▶ **Your task**
If an entry contains a picture, leave the picture out and reproduce everything else in the records below exactly.

********************

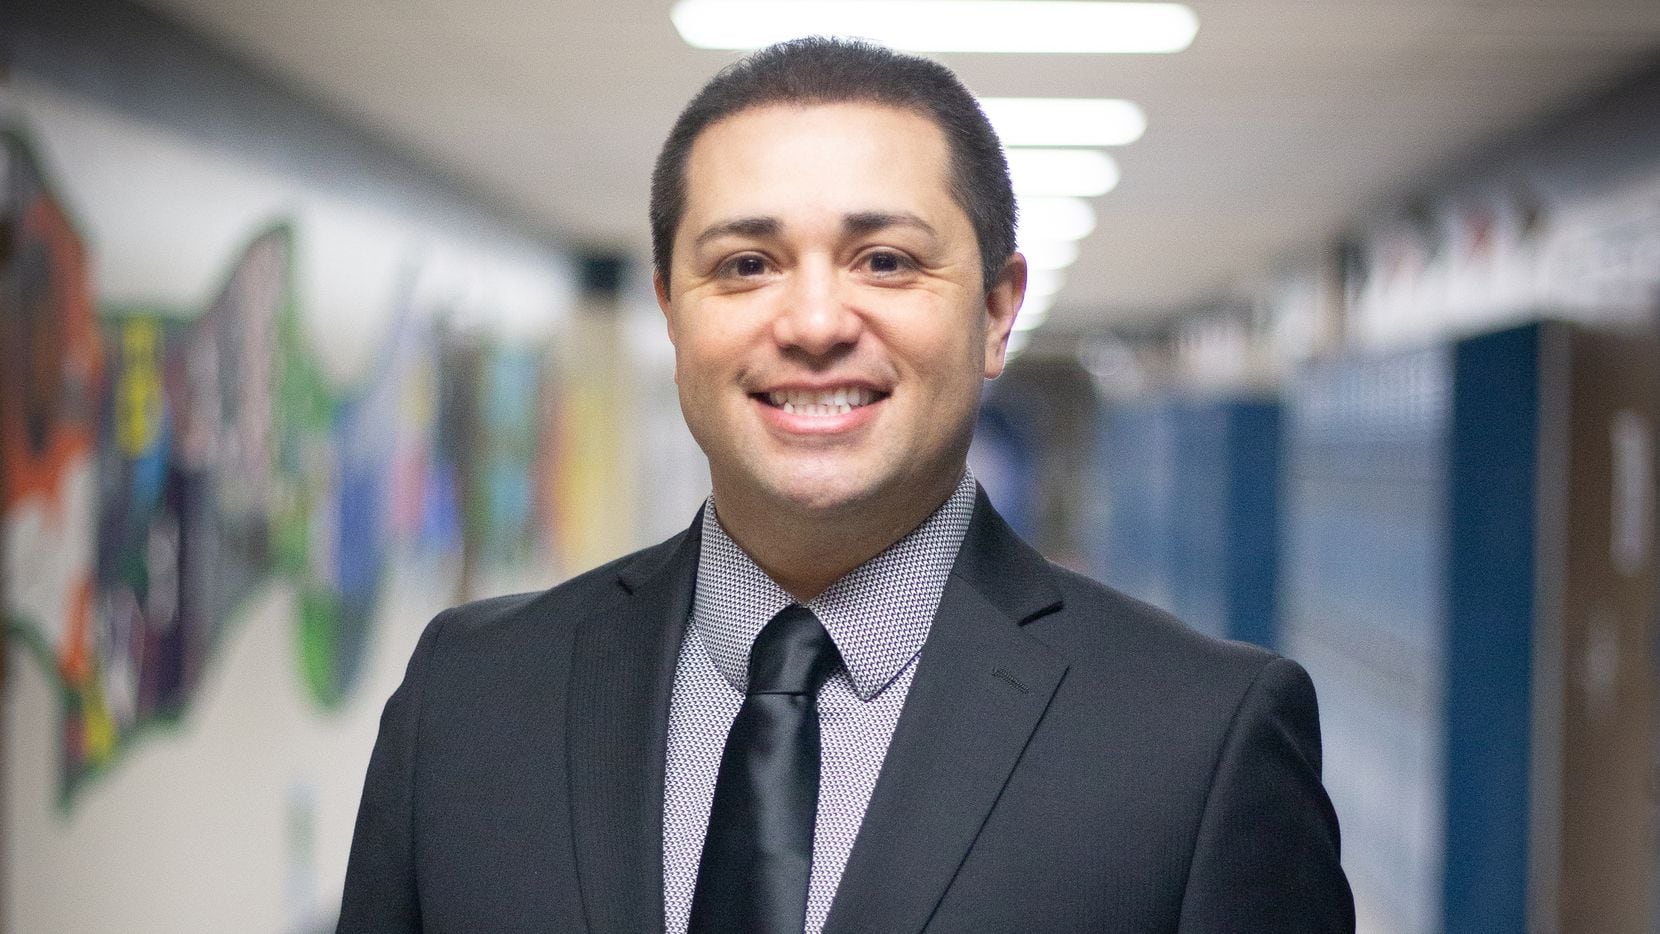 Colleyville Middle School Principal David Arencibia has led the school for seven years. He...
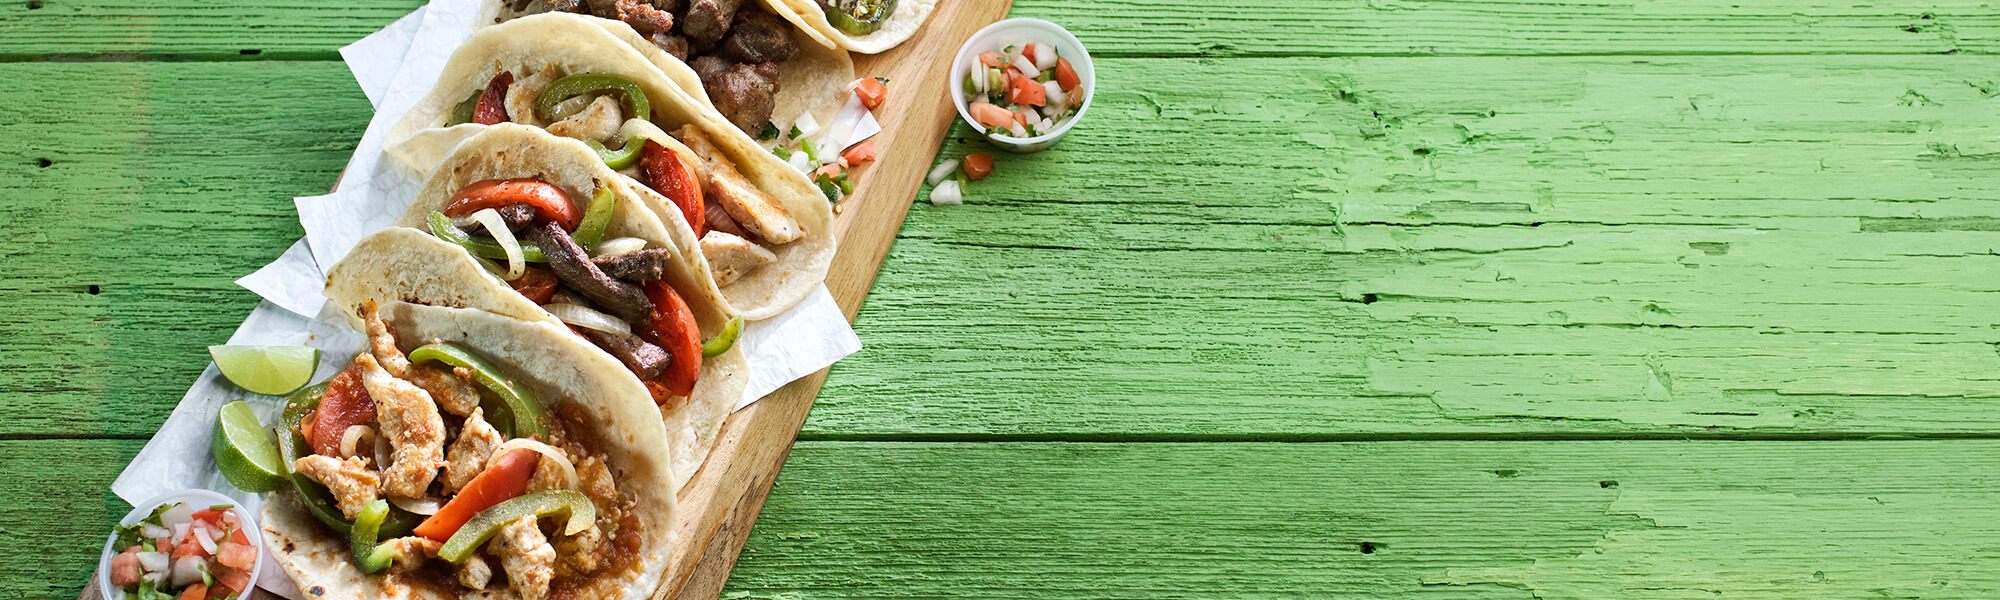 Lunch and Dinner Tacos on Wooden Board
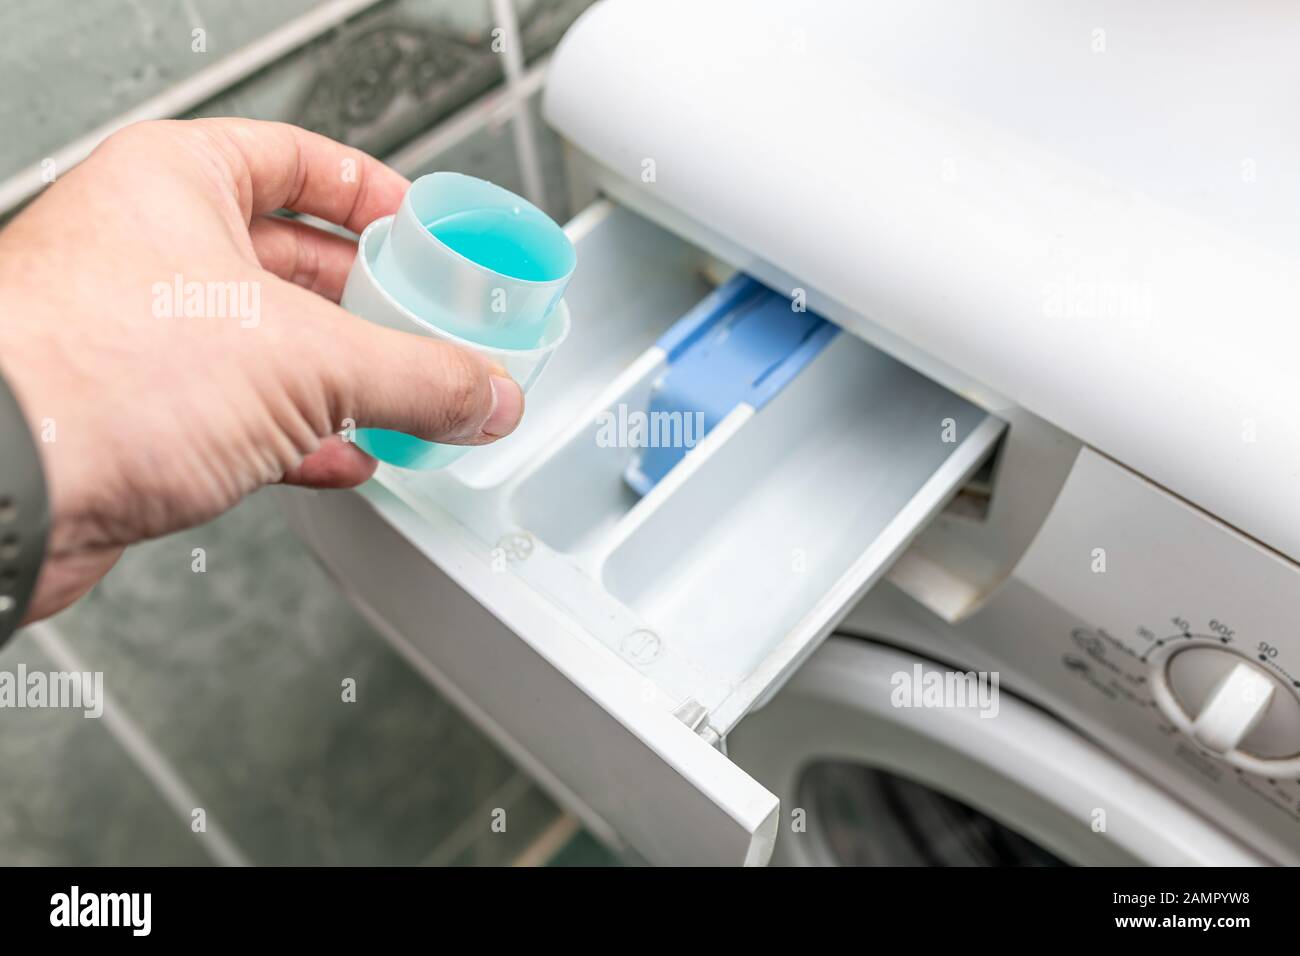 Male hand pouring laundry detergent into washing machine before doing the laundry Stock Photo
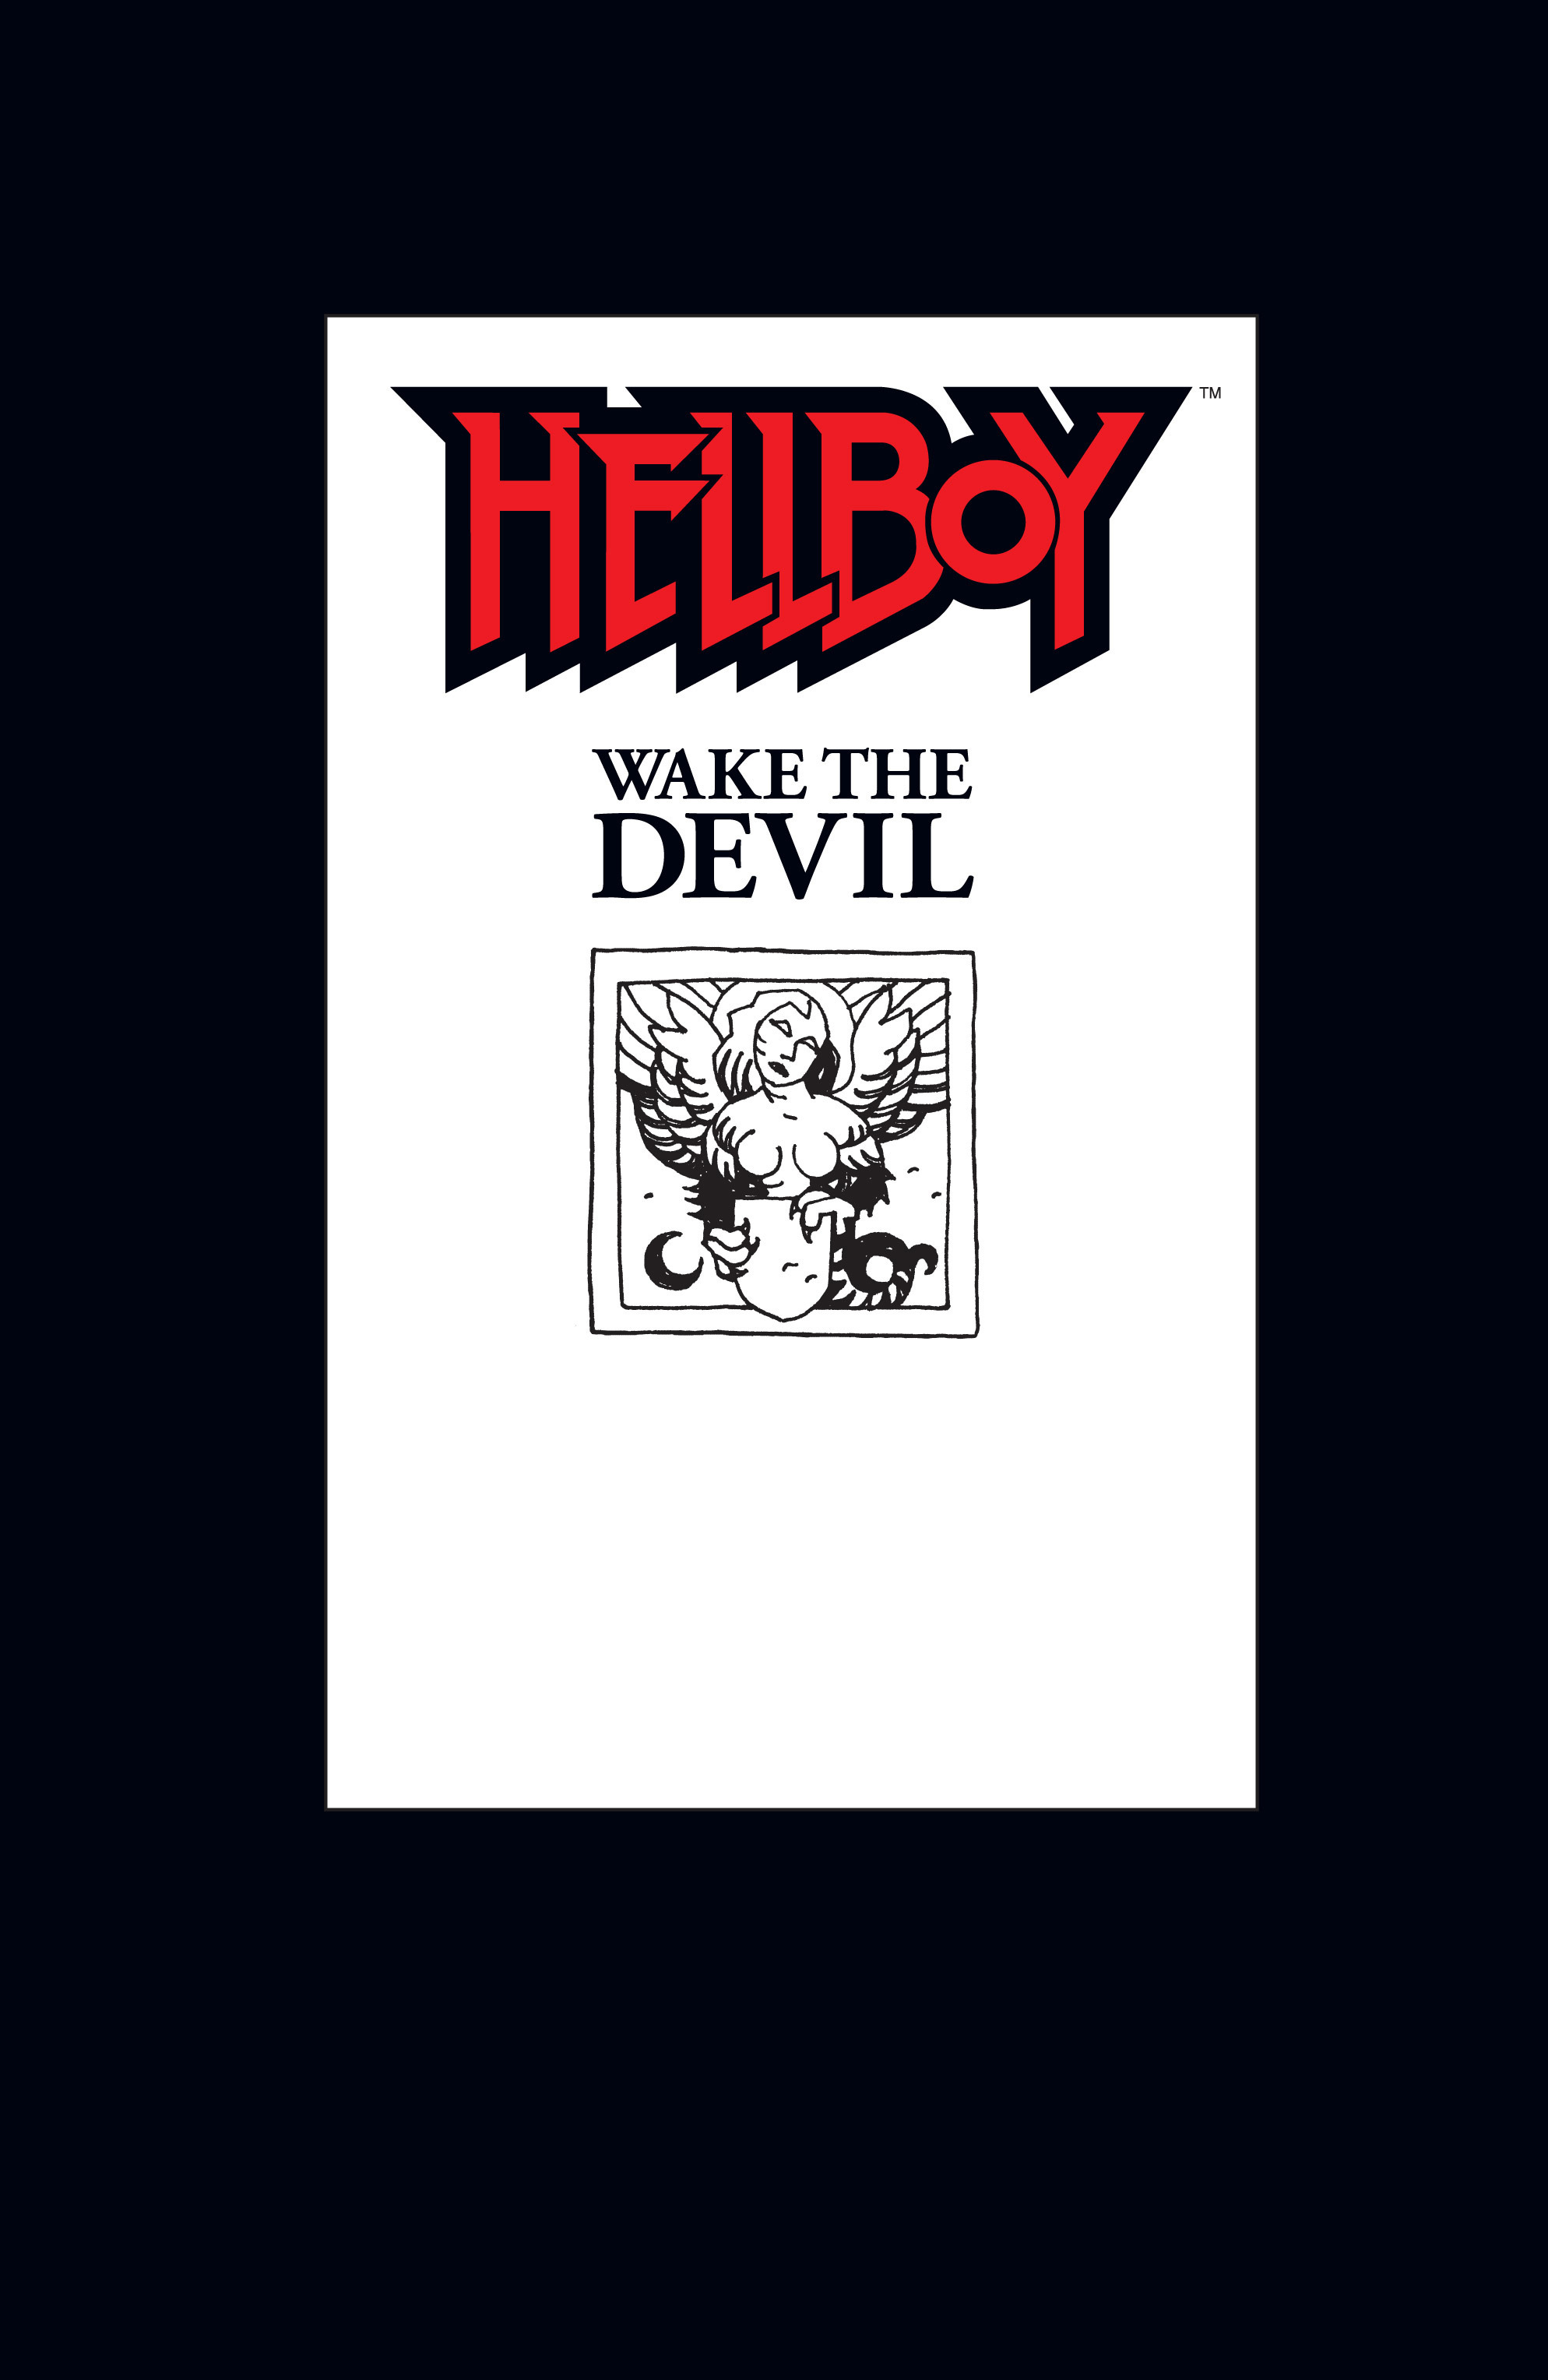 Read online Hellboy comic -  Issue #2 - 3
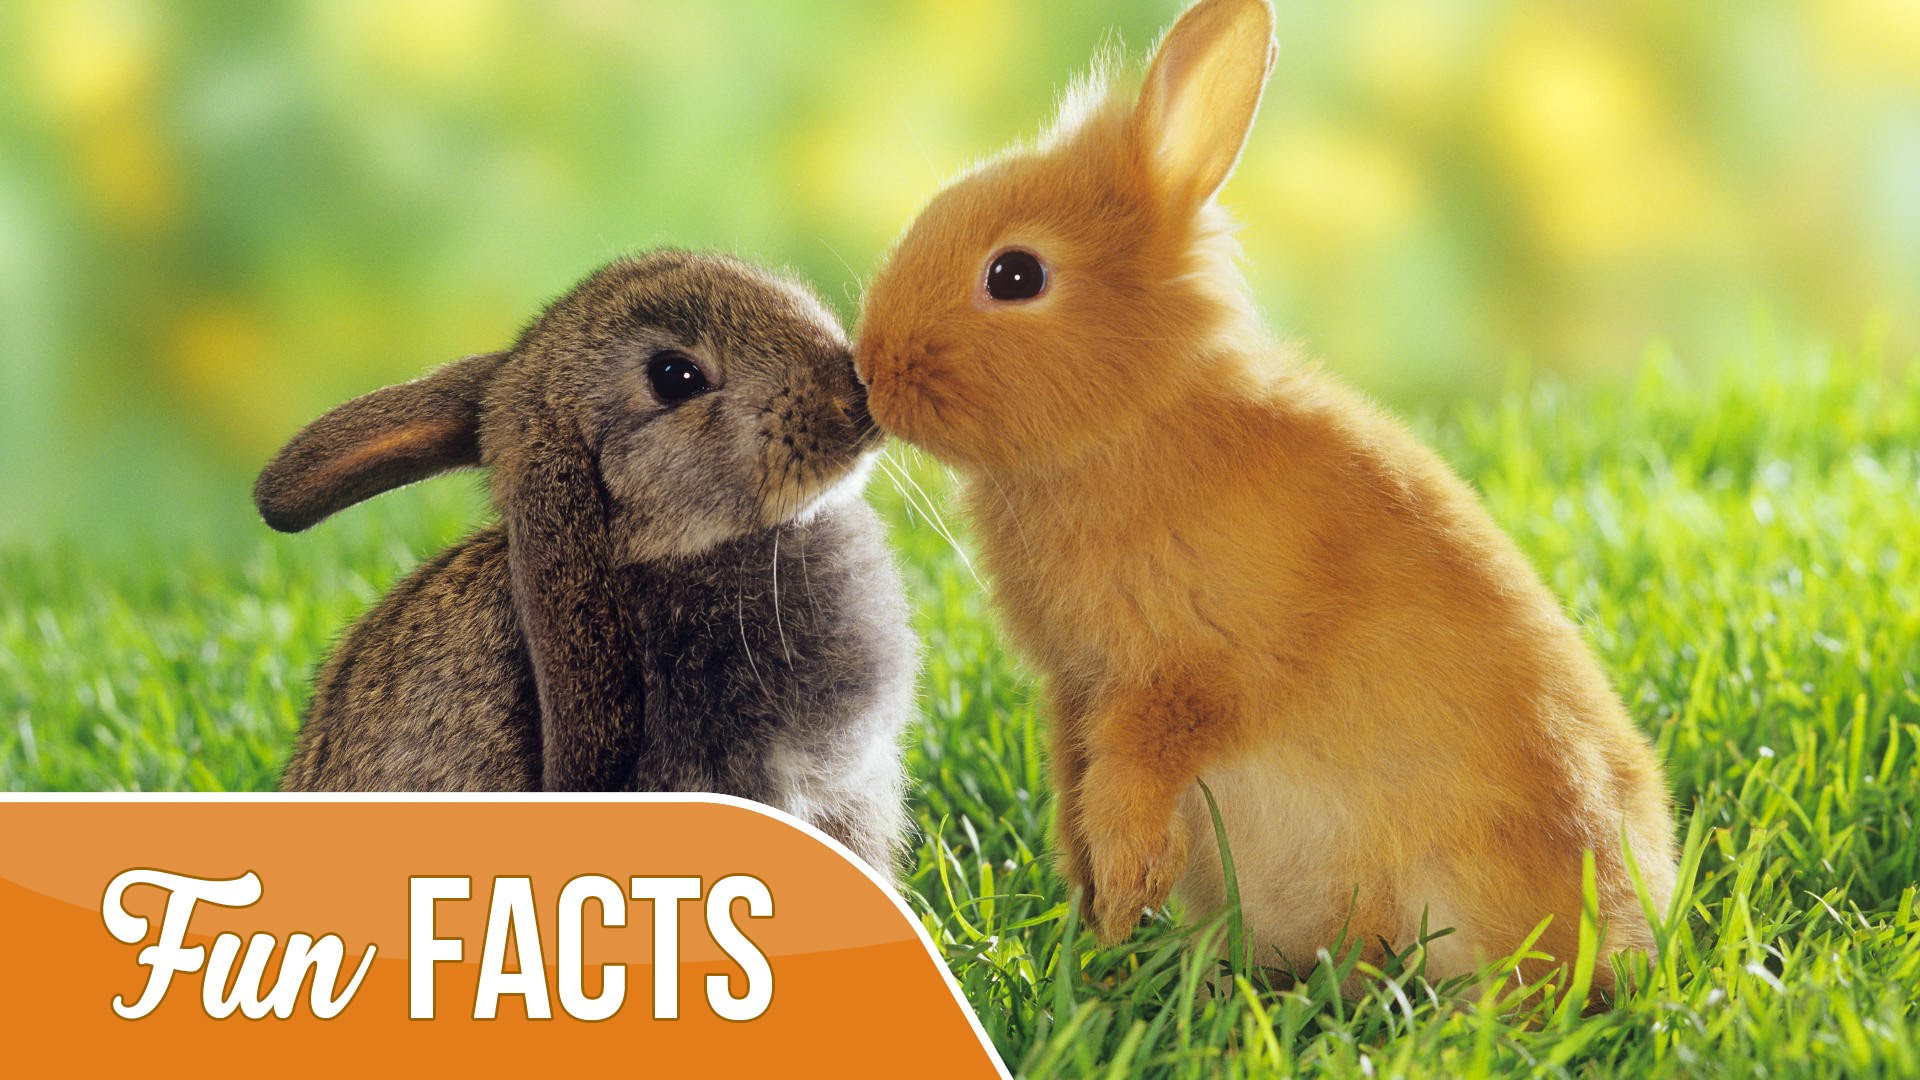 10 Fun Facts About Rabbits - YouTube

********************

▶ **Output for this exercise**
 Colleyville Middle School Principal David Arencibia has led the school for seven years. He...
 Lunch and Dinner Tacos on Wooden Board
 Male hand pouring laundry detergent into washing machine before doing the laundry Stock Photo
 Read online Hellboy comic -  Issue #2 - 3
 10 Fun Facts About Rabbits - YouTube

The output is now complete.